自分のことはどう言われようが平気だが、ラディスのことを悪く言われるのは我慢できなかった。
私は男の手をパシっと払って立ち上がる。
「ラディス団長がオレなんか相手にするわけねーだろ。くだらねー勘違いしてんなよな」
「ああ?」
男も立ち上がって私を凄い形相で見下ろした。
「それに、団長が試験に私情を挟むわけねーだろーが。イェラーキが見たいならな、お前だって団長にそう頼めばいいんだ。あの人は言うほど冷徹じゃないし。単にお前がラディス団長にビビってるだけじゃねーの?」
「んだと!?」
男のこめかみにわかりやすく血管が浮き上がった。
「――っ!」
胸ぐらを掴み上げられ、身長差があるためにつま先立ちになる。
このまま殴られるのか。
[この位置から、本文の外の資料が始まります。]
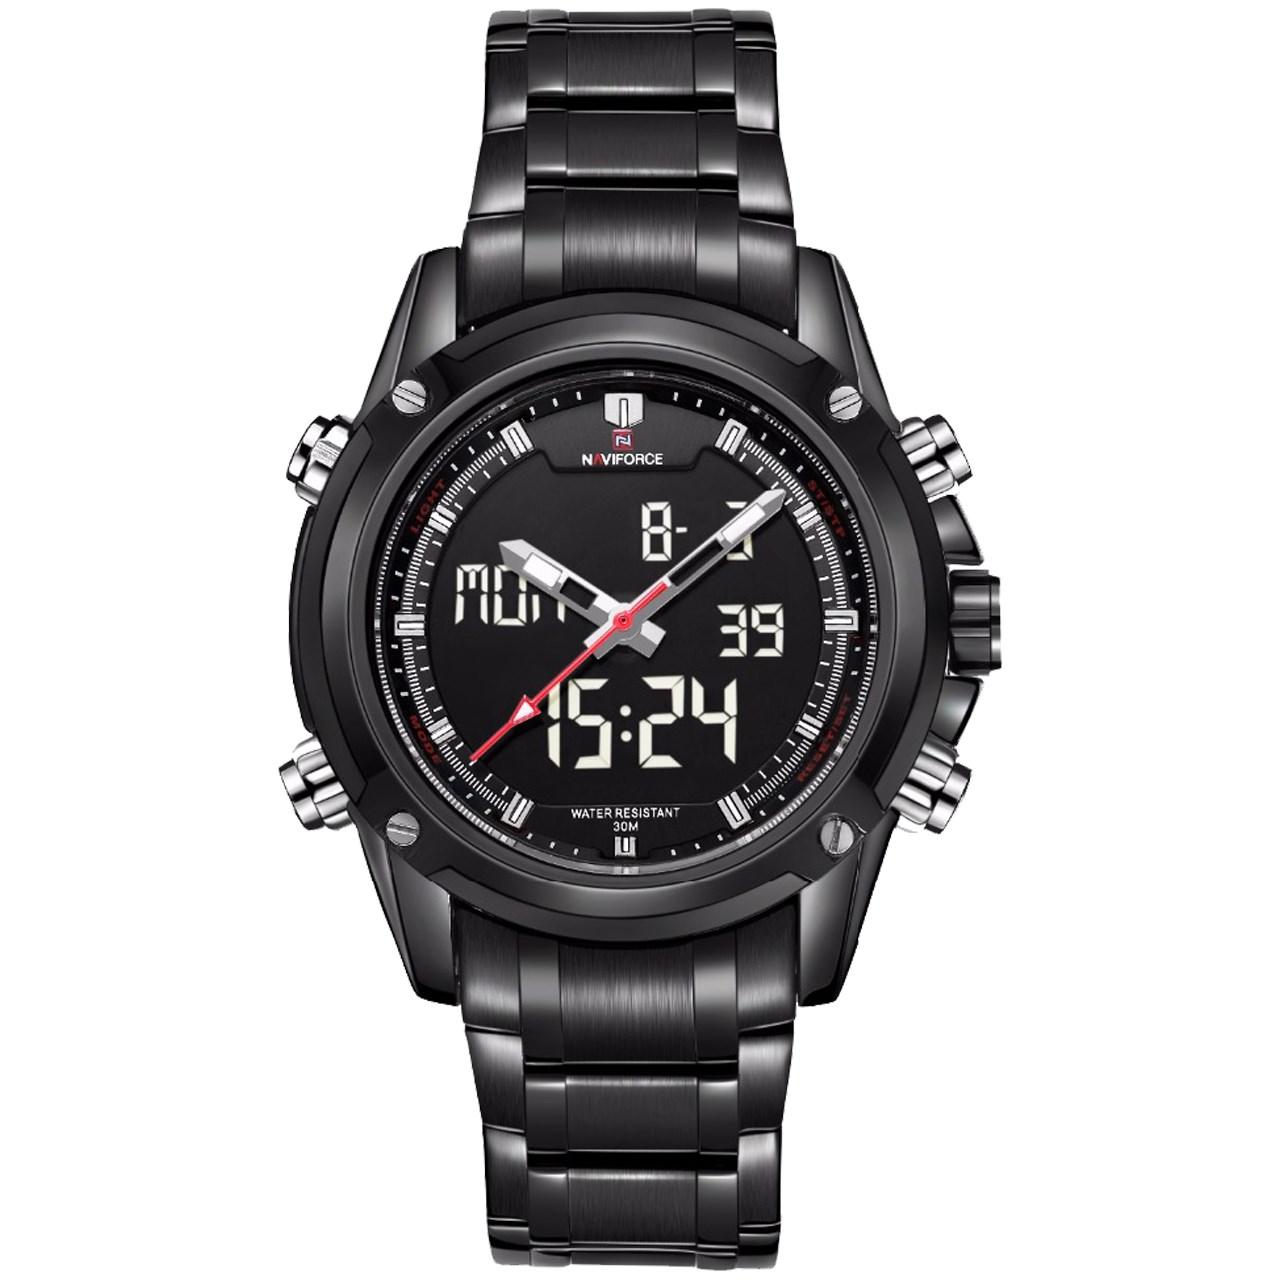 ساعت مچی عقربه ای مردانه نیوی فورس مدل NF9050M/BBW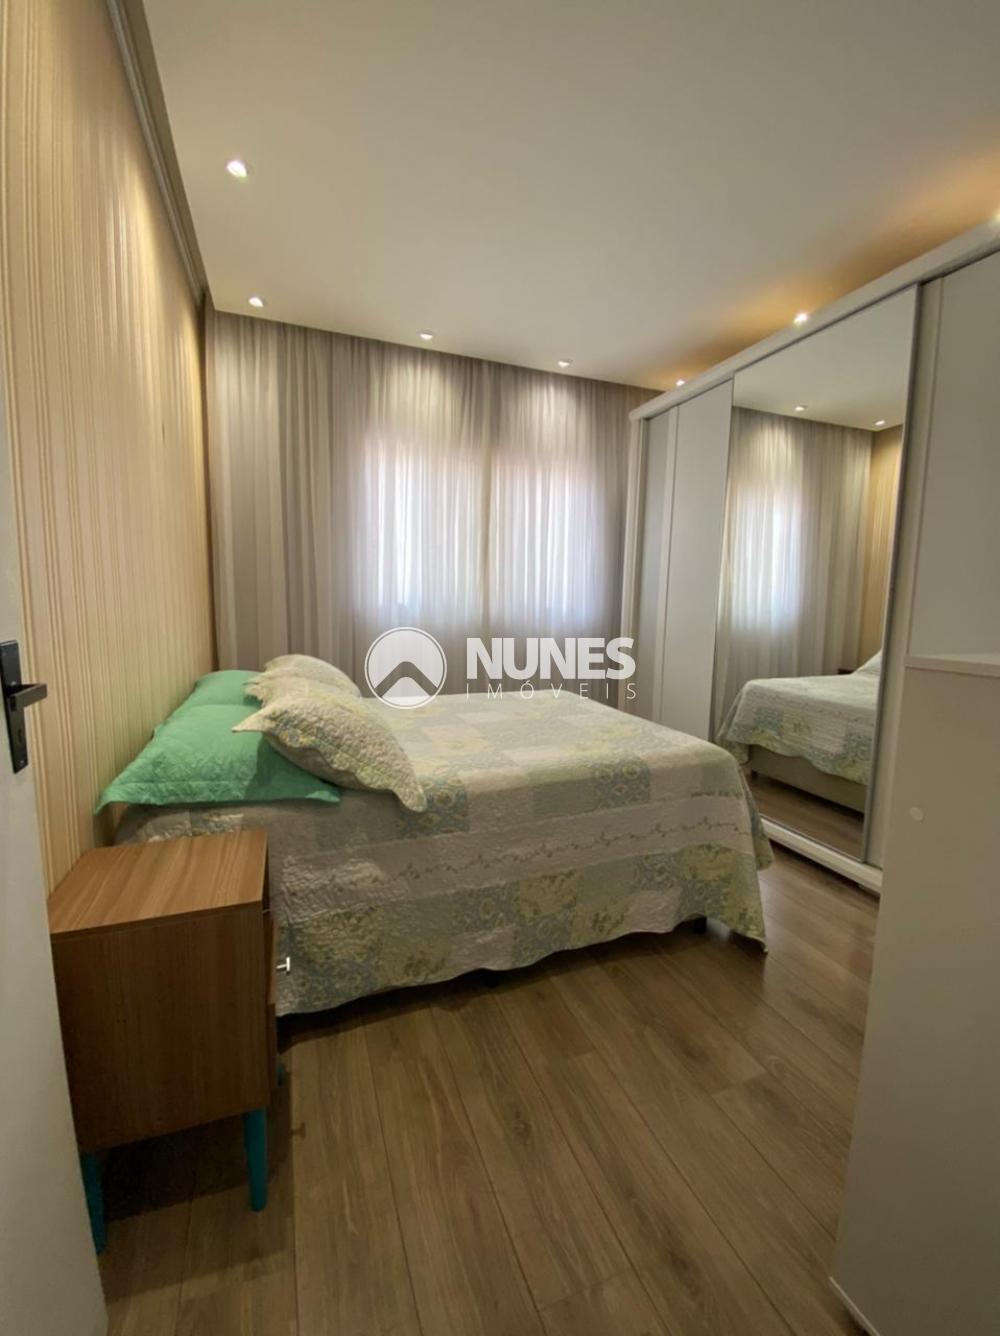 Comprar Casa / Sobrado em Barueri R$ 350.000,00 - Foto 18

面倒くさいなぁ。ま、あとで聖女の力で治せばいっか。そう考えていると。
「やめたまえ!」
そんな鋭い声が飛んできて厩舎の入り口を見る。
(げっ!?)
そこにいたのは、ザフィーリだった。
男は舌打ちをして私から手を離し、先ほどまで笑っていた仲間も慌てたように掃除の手を再開した。
私が軽く咳き込んでいると、ザフィーリはメガネをくいと中指で持ち上げながら厩舎の中に入ってきた。
「騎士を目指す者が私闘とは実に情けない。何か不満があるのなら僕から団長に報告するが、原因はなんだい?」
レンズの向こうの目が厳しく光っていた。
「い、いや、別に報告するほどじゃ……」
男はそう言うとバツが悪そうに私から離れて行った。
「そうか。なら、トーラ」
名を呼ばれギクリとする。
「話がある。ついて来てくれるかい」
「……わかった」
そうして、私は奴らの視線を感じながらザフィーリと共に厩舎を出た。
「酷い格好だね」
「ハハハ」
前を向いたまま言われて乾いた笑いが漏れた。そして。
「ありがとな。助けてくれて」
一応そうお礼を言う。
あのままだったら、治せるとは言え確実に痛い目に遭っていただろうから。
するとザフィーリはやはりこちらを見ずに素っ気なく言った。
「別に助けたつもりはないな。君を呼びに行ったら丁度あの状況だっただけだ。全く、ああいう輩が騎士を目指すなんて吐き気がするね」
こういう奴だったなと思いながら苦笑する。
(……や、笑ってる場合じゃないな)
これからザフィーリから何を言われるのか。
私はごくりと唾を飲み込んだ。
そのまま無言でついて行き、彼が足を止めたのはこの時間人気のない寄宿舎の裏手だった。
しかしザフィーリはなかなかこちらを振り向こうとしない。
「で、話ってのは?」
「……昨夜だ」
こちらの方から訊くと、ザフィーリはそう話し始めた。
ぐっと手に汗を握る。
そして彼はこちらを振り返り、大真面目な顔で言った。
「昨夜、僕は運命の人に出会ってしまったんだ」
「…………は?」
大分間を開けて、私の口からはそんな呆けた声が漏れていた。